Co-founder of the Black Lives Matter movement and queer activist Patrisse Cullors will perform a “public act of mourning” as the inaugural event of Pride at the Fowler Museum. Rooted in a prayer that Cullors wrote with artist Damon Turner after the death of Ahmaud Arbery, the performance, called A Prayer for the Runner, responds to the question, “What role does collective prayer have and how can it inspire our healing?”

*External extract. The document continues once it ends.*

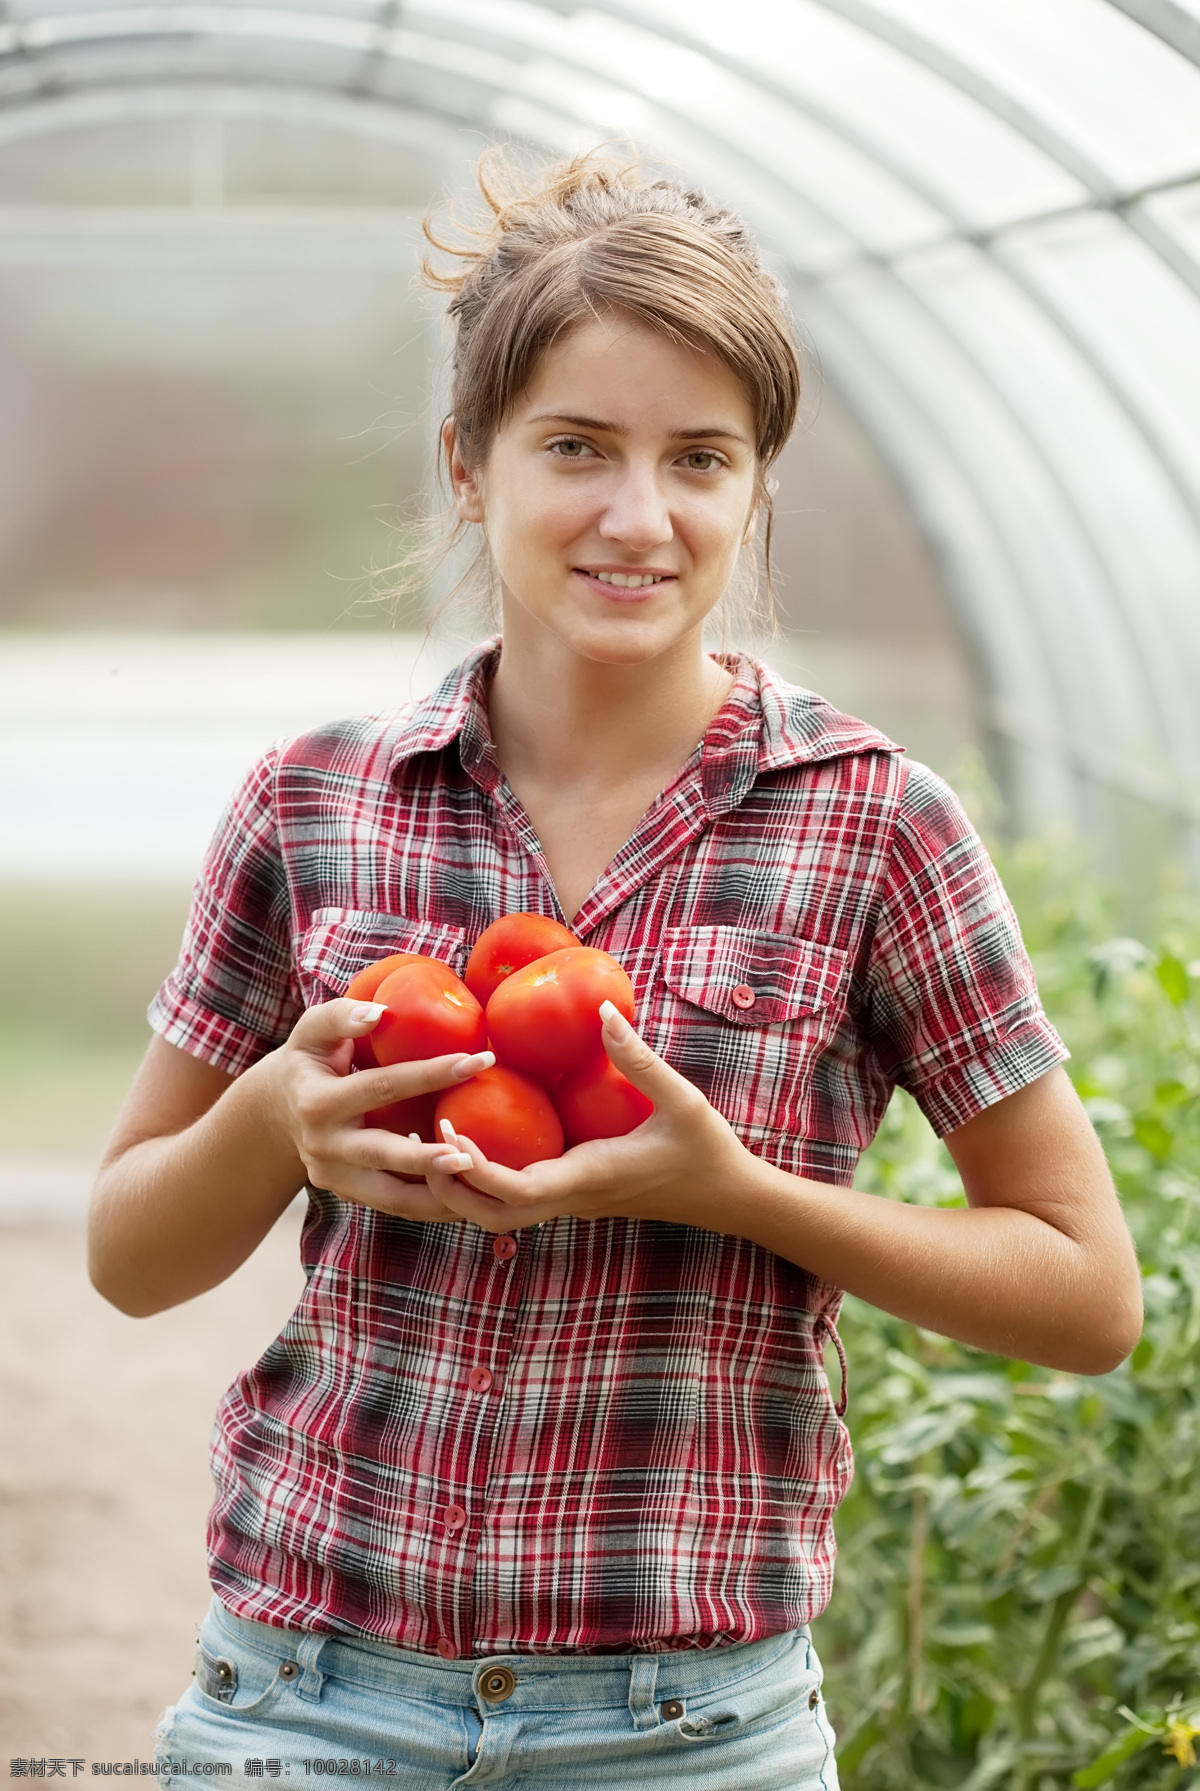 抱 西红柿 外国 美女图片 抱着西红柿 外国美女 水果 蔬菜 人物 微笑 农业生产 现代科技

Originally trained as a dancer, Cullors told the Los Angeles Times that performance gives her “a sense of agency” and brings together her roles as both an artist and activist. “I get to dictate how the world sees me and what they see me doing, what they hear me saying, or feeling,” she explained. “And oftentimes, we don’t get to make those choices. As black people, choices are made for us, and often it leads to deadly consequences.” On her latest performance, Cullors says, “This piece takes us through ritual, prayer, and ancestry. Black death, trauma, and pain are age-old crises. Our bodies have been used as sacrifice. How do we manage?”
In addition to the performance, the program will feature a talk-back with Melinda Abdullah, founder of the Los Angeles chapter of Black Lives Matter. Both women will share their thoughts on topics such as grief, healing and parent-child relationships. Other events include a dance class on AfrikFusion/VogueAfrik and a conversation “tracing queer Angeleno artists’ contributions to contemporary art.”